Omit every picture, then return each line of the data below exactly.

# [Raw data]
########################################

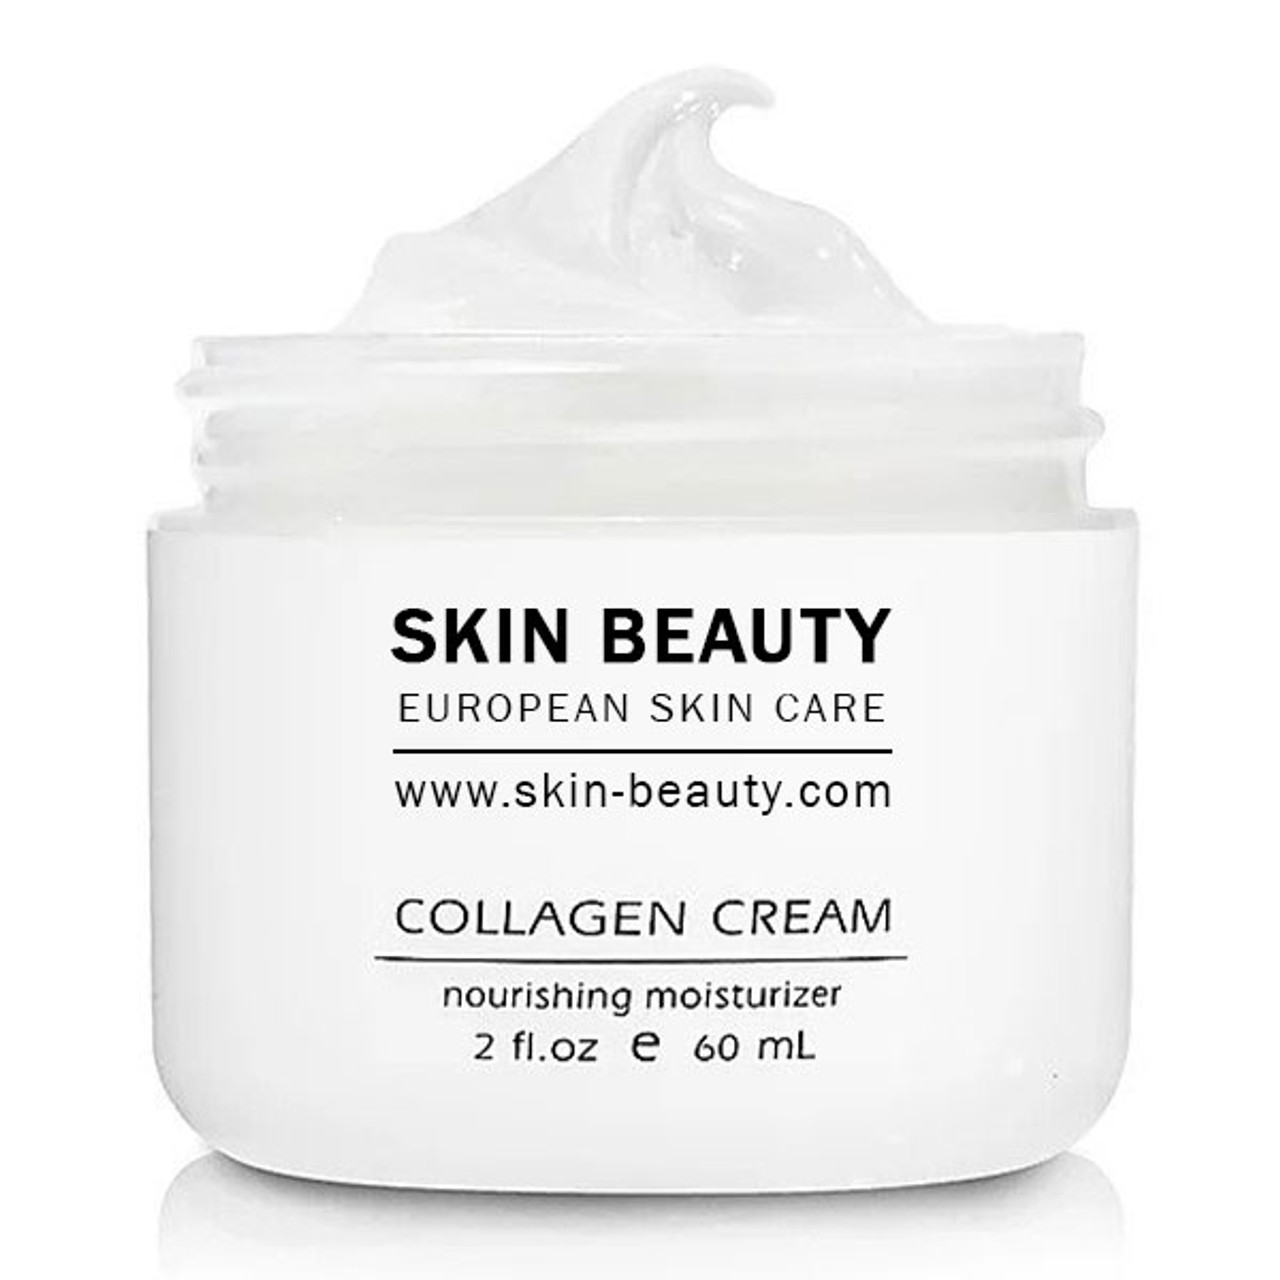 Skin Beauty Collagen Cream For Wrinkles | Anti Aging Moisturizer
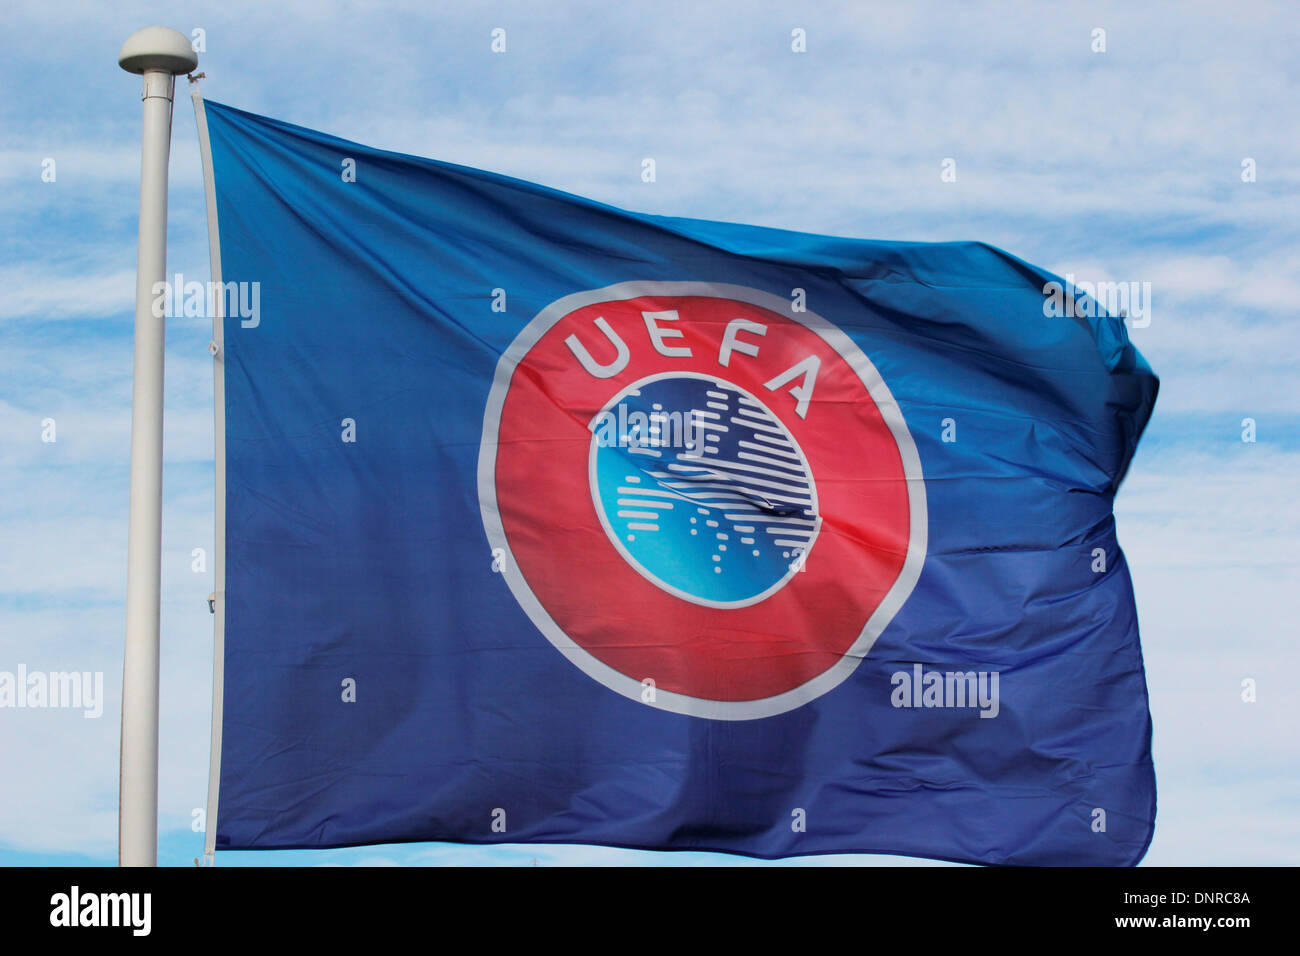 UEFA Flag and emblem Stock Photo
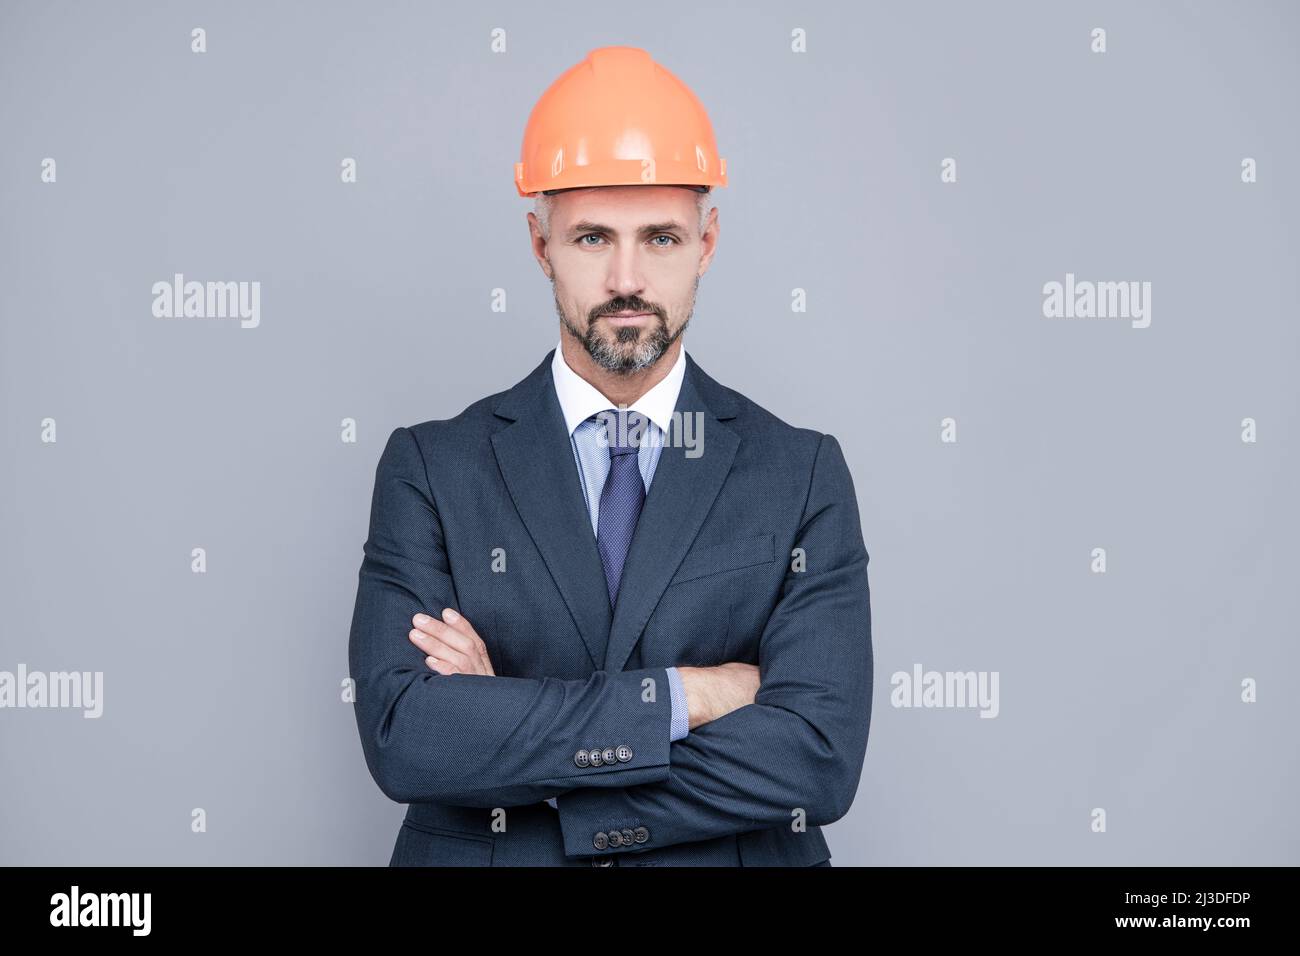 Construya su futuro. El ingeniero de la construcción usa sombrero duro en la ropa de formalwear. Industria de la construcción Foto de stock

########################################

# [Answer for this exercise]
 Skin Beauty Collagen Cream For Wrinkles | Anti Aging Moisturizer
 UEFA Flag and emblem Stock Photo
 Construya su futuro. El ingeniero de la construcción usa sombrero duro en la ropa de formalwear. Industria de la construcción Foto de stock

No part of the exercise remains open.